WORK ORDER –
Set every record down again exactly. Do not carry over the pictures.

GIVEN INFORMATION –
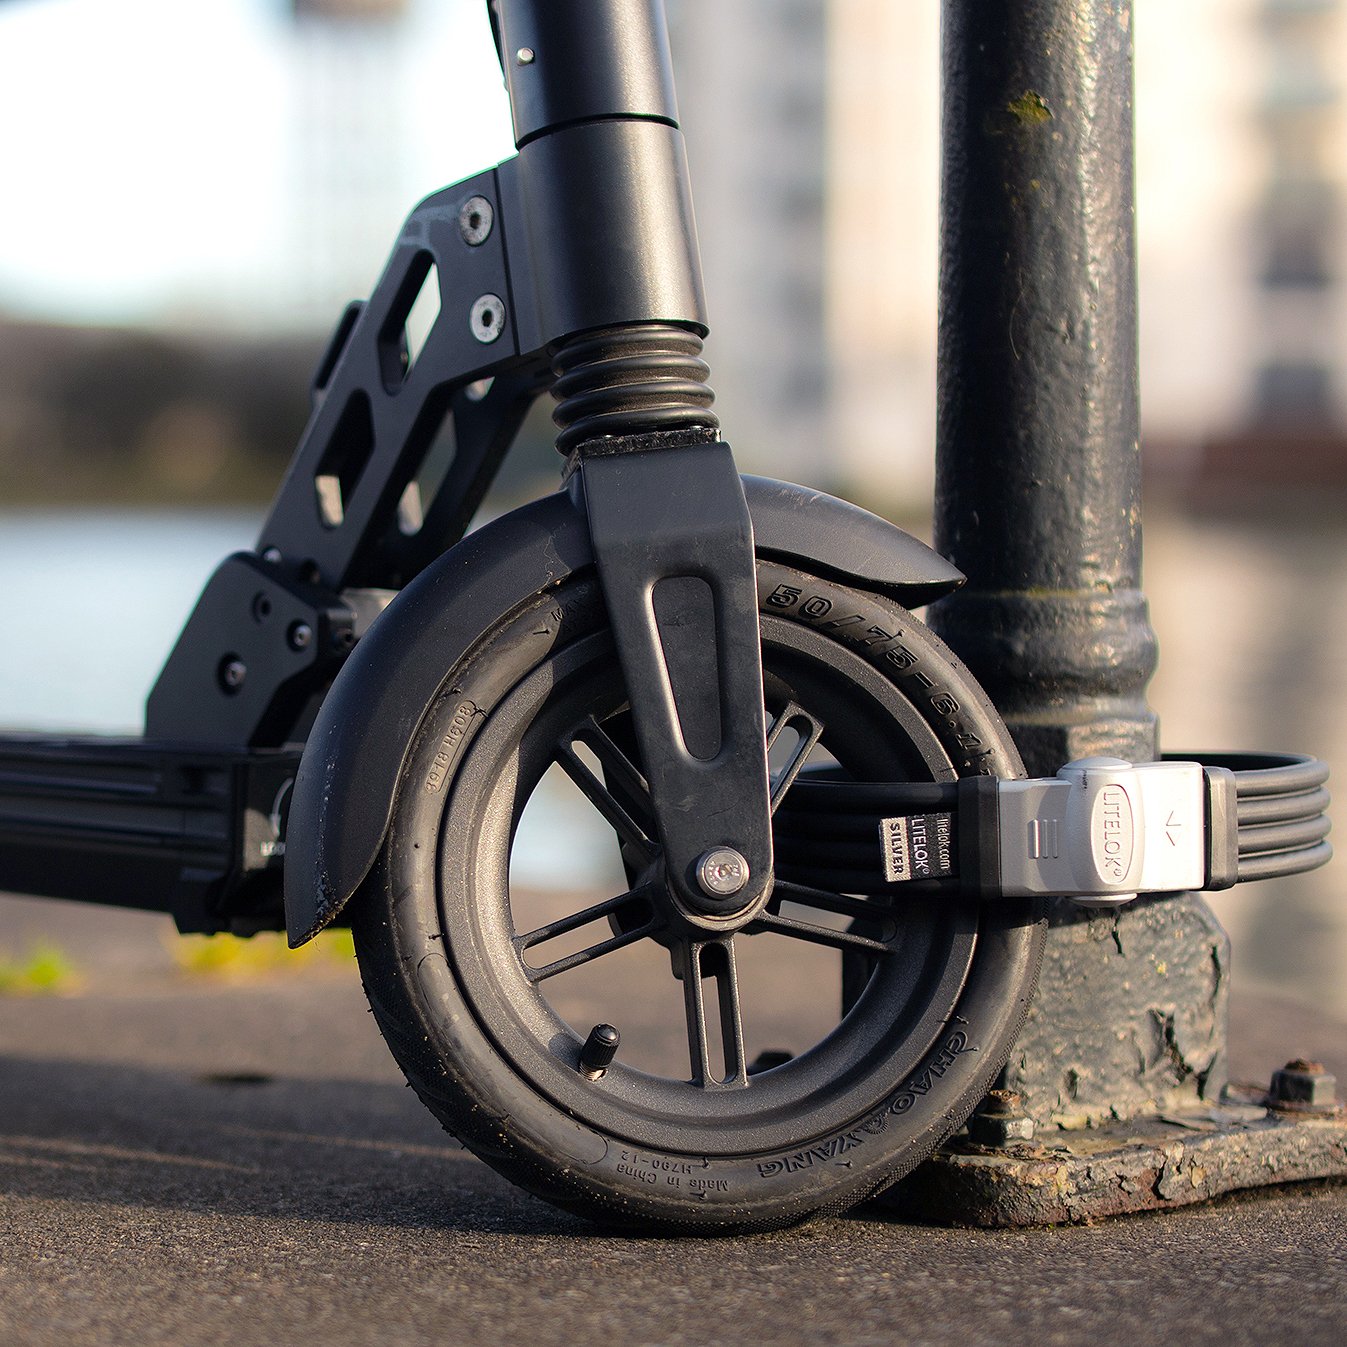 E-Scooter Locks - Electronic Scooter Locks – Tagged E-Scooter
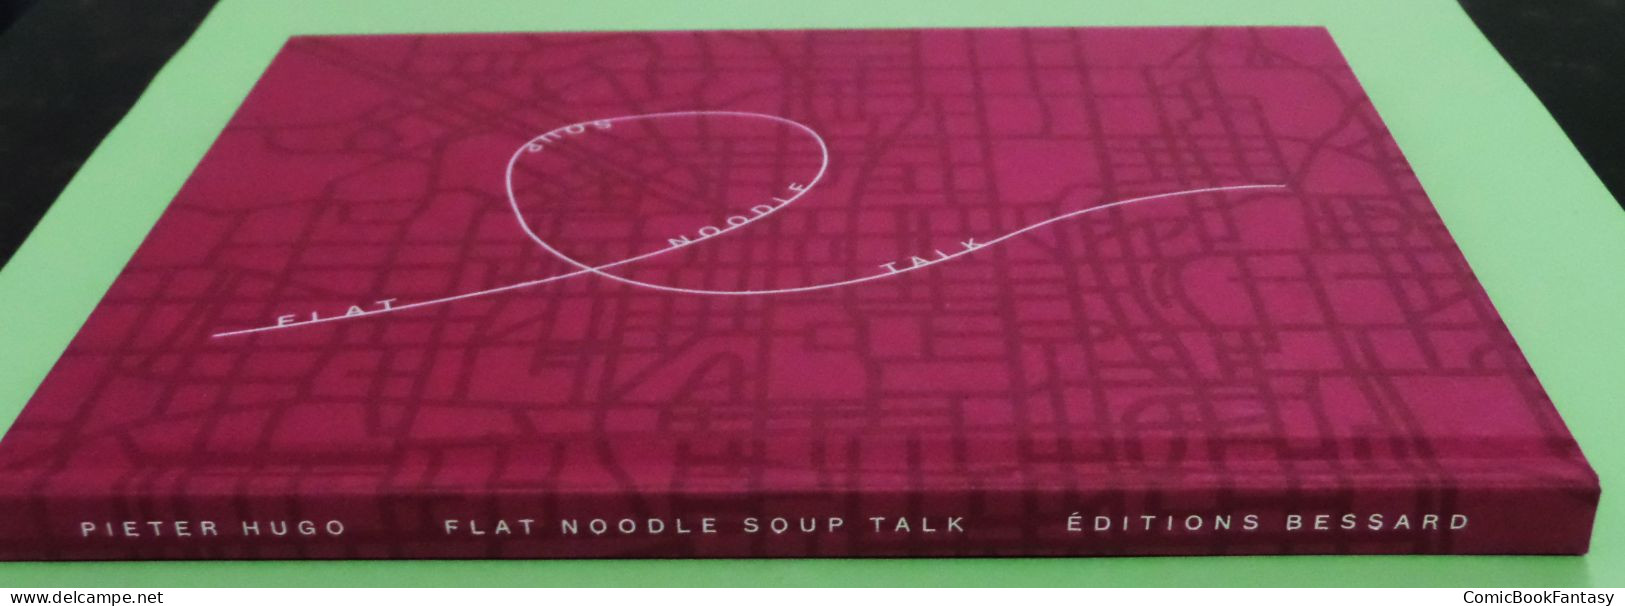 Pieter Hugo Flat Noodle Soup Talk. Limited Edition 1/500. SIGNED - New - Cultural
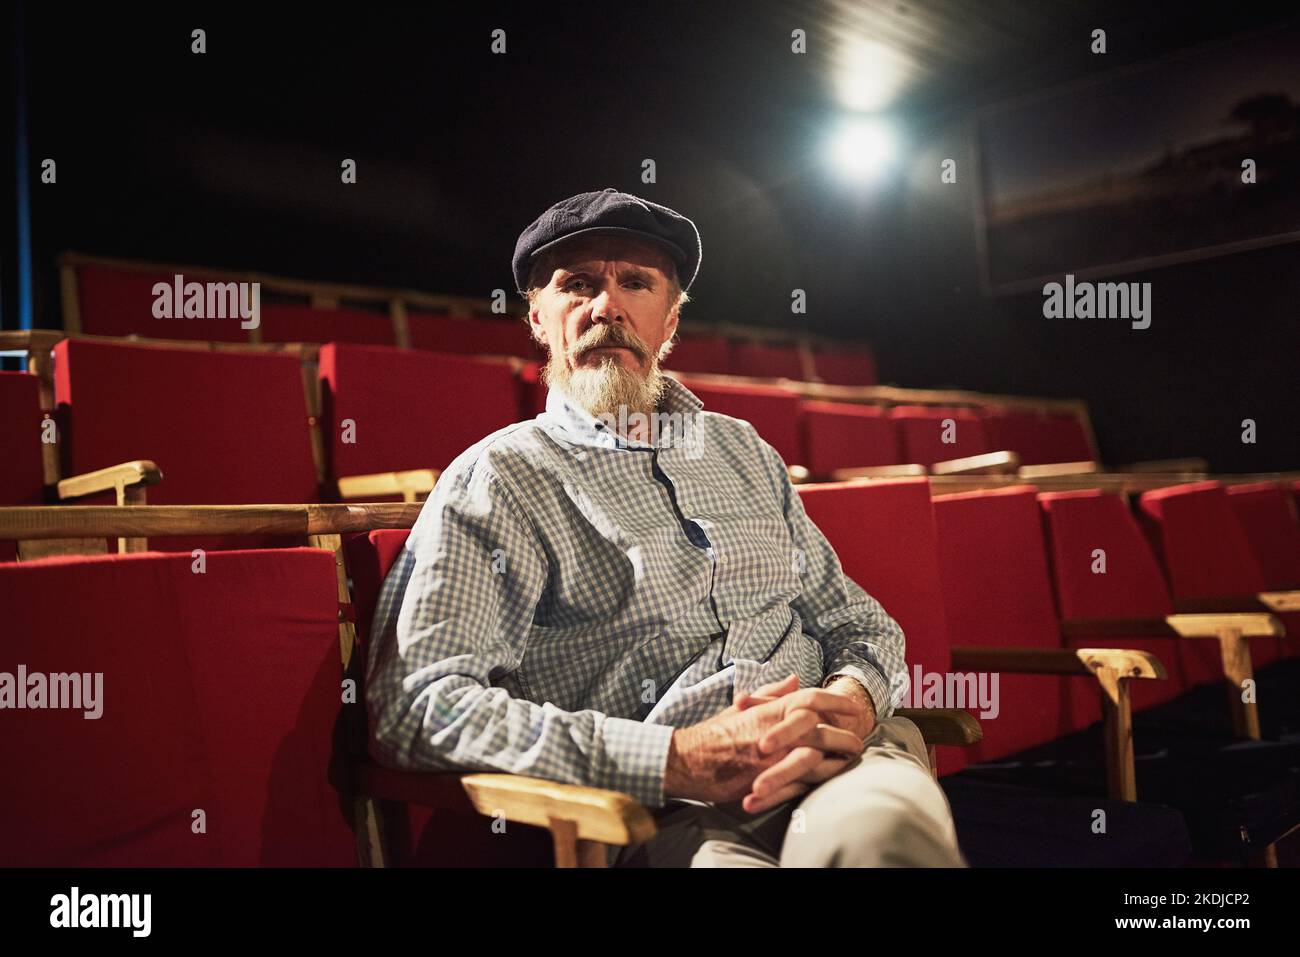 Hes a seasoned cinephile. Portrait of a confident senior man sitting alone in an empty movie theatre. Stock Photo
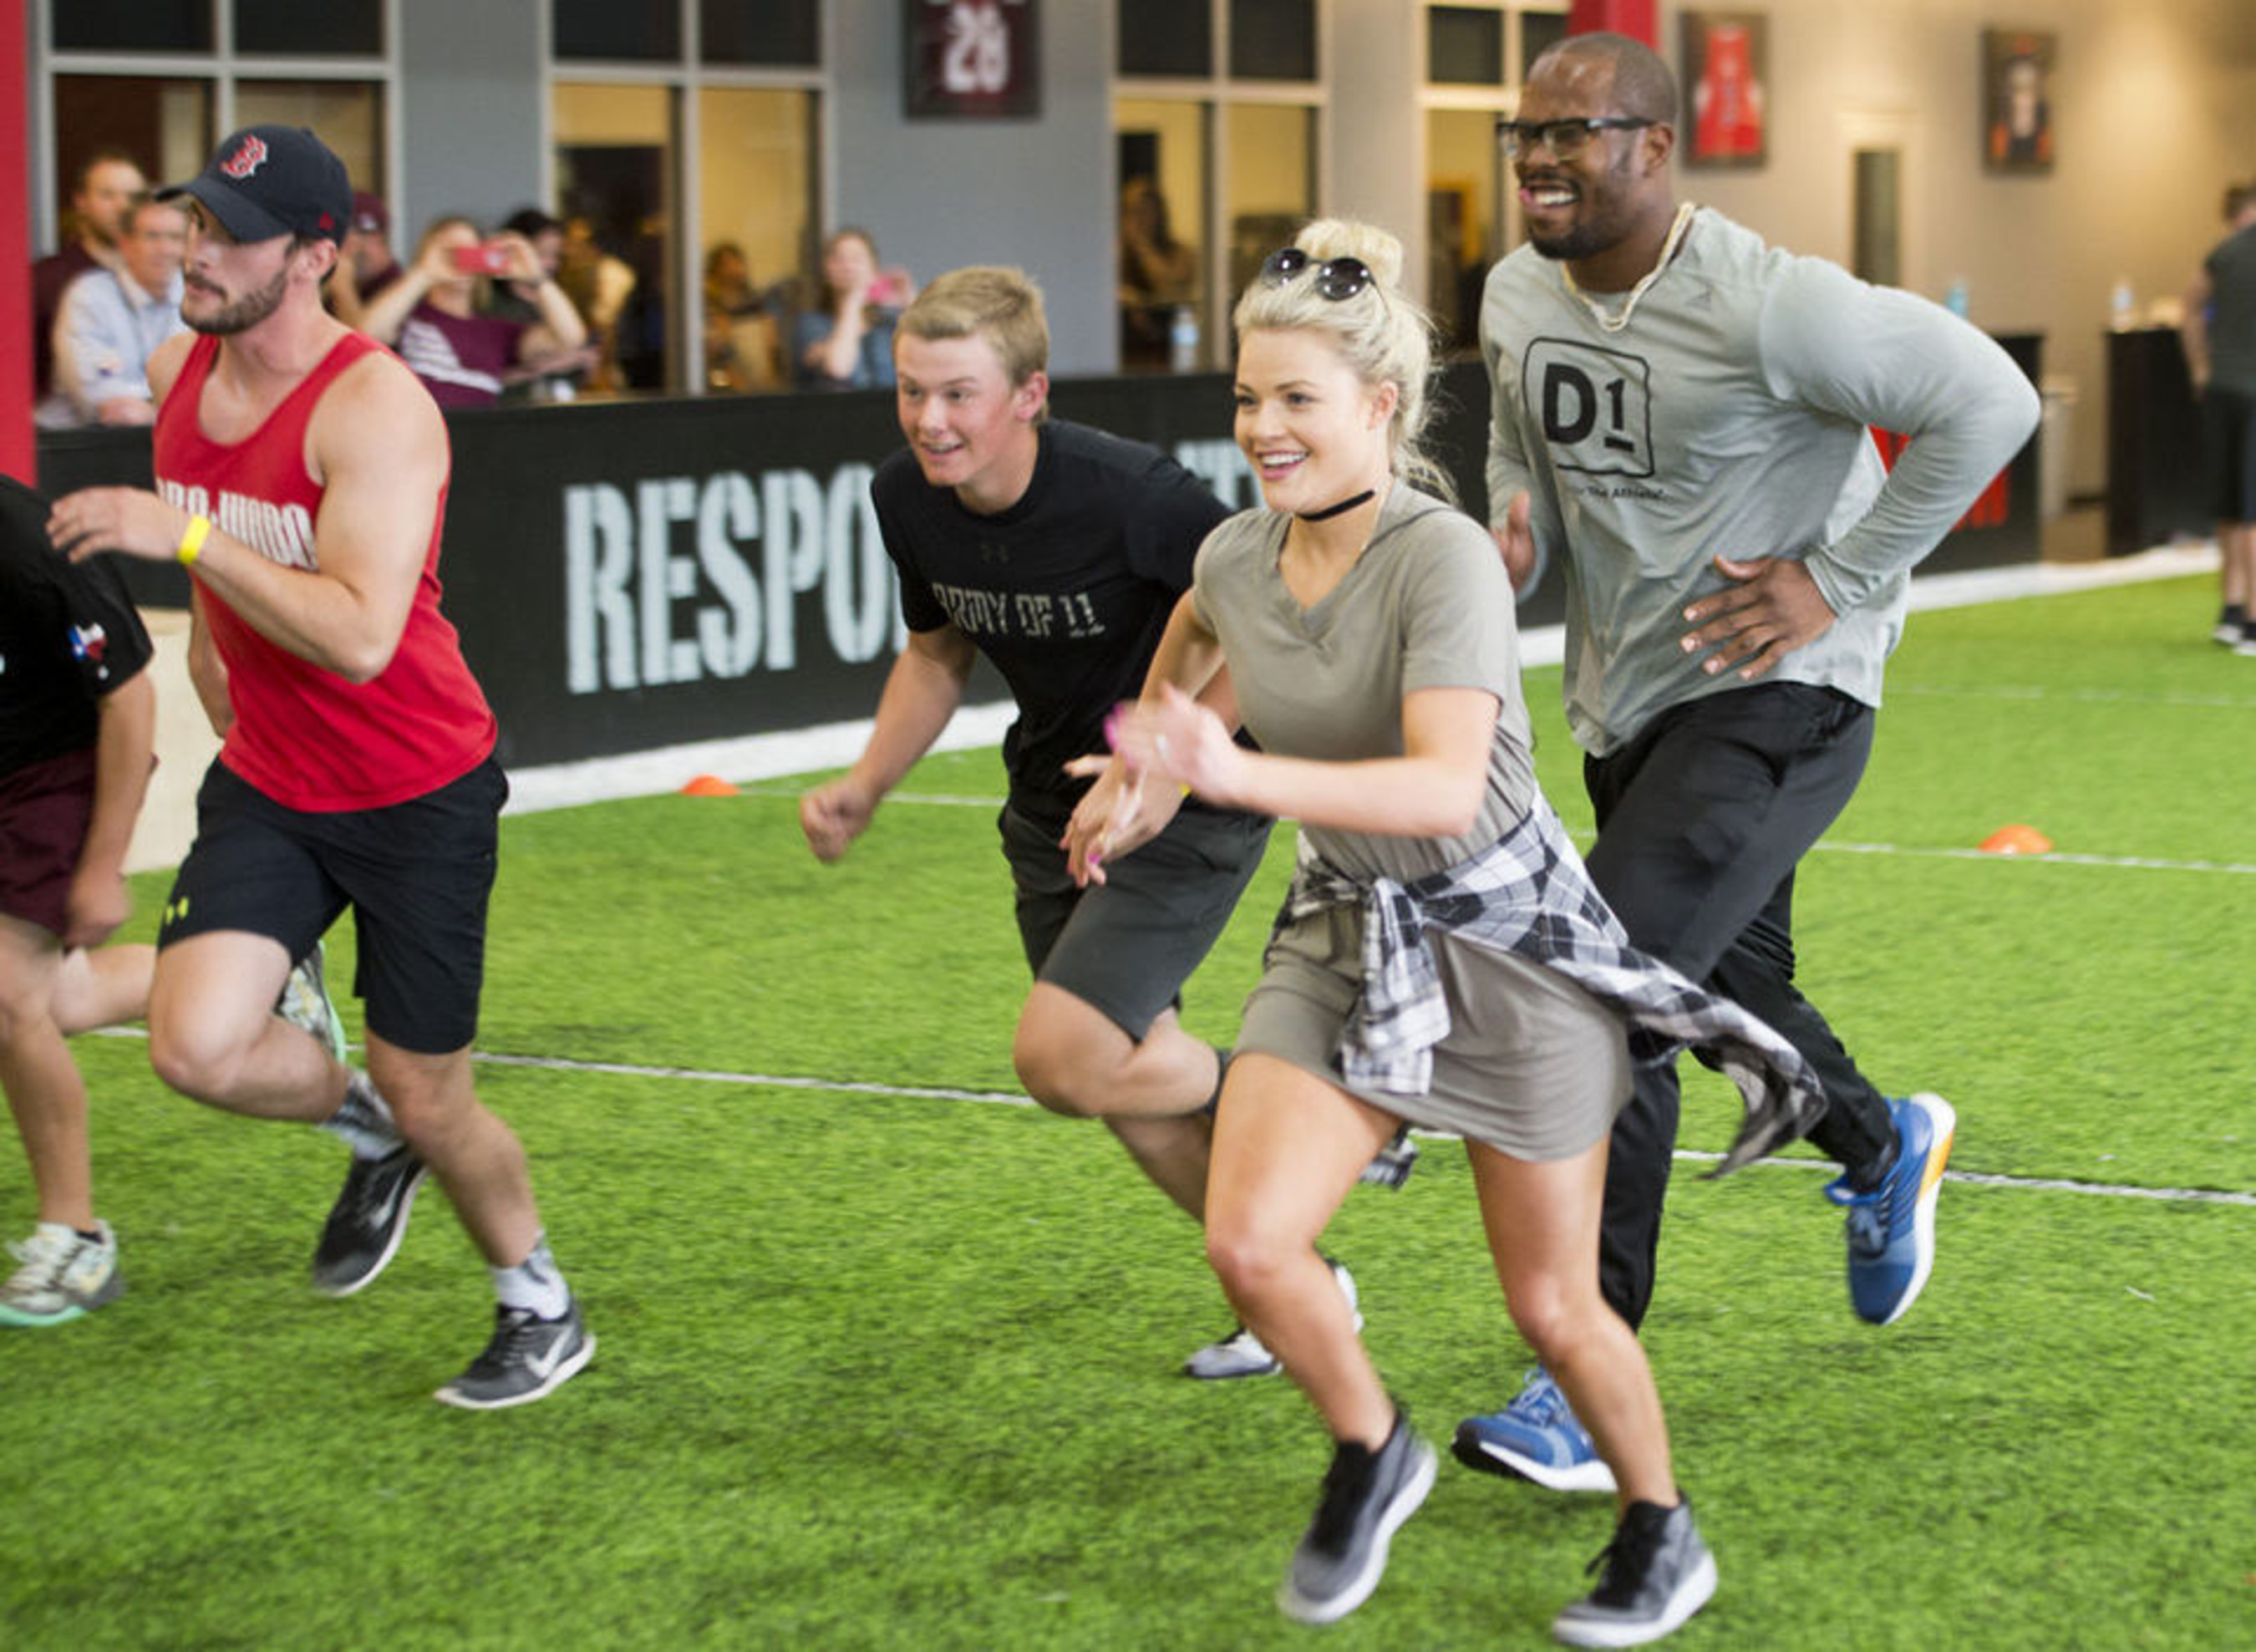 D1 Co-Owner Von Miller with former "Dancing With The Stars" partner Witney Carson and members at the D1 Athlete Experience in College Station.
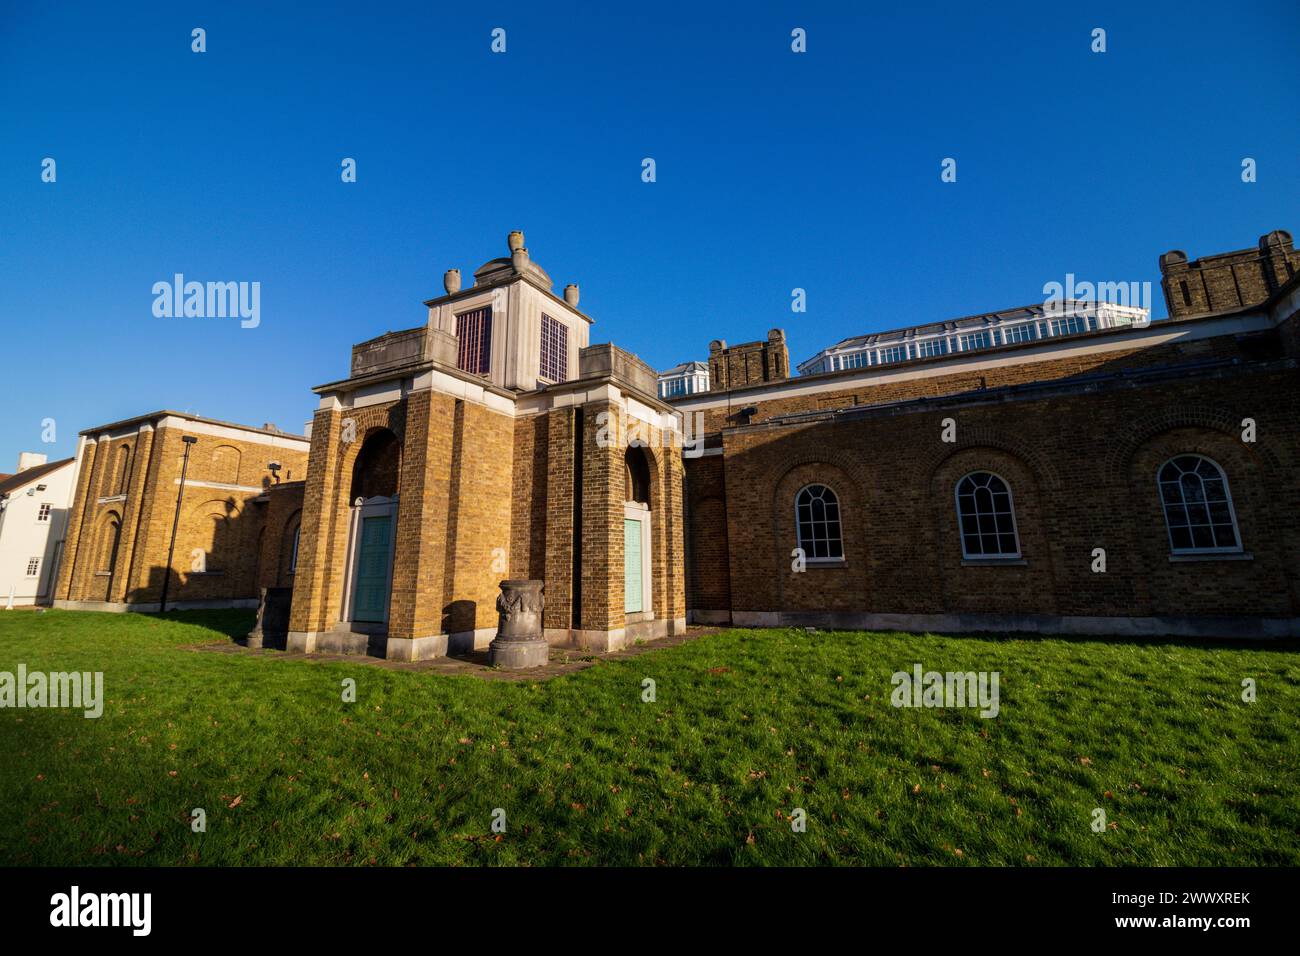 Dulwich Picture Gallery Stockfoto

REPLY TO THE TASK –
 E-Scooter Locks - Electronic Scooter Locks – Tagged E-Scooter
 Pieter Hugo Flat Noodle Soup Talk. Limited Edition 1/500. SIGNED - New - Cultural
 Hes a seasoned cinephile. Portrait of a confident senior man sitting alone in an empty movie theatre. Stock Photo
 D1 Co-Owner Von Miller with former "Dancing With The Stars" partner Witney Carson and members at the D1 Athlete Experience in College Station.
 Dulwich Picture Gallery Stockfoto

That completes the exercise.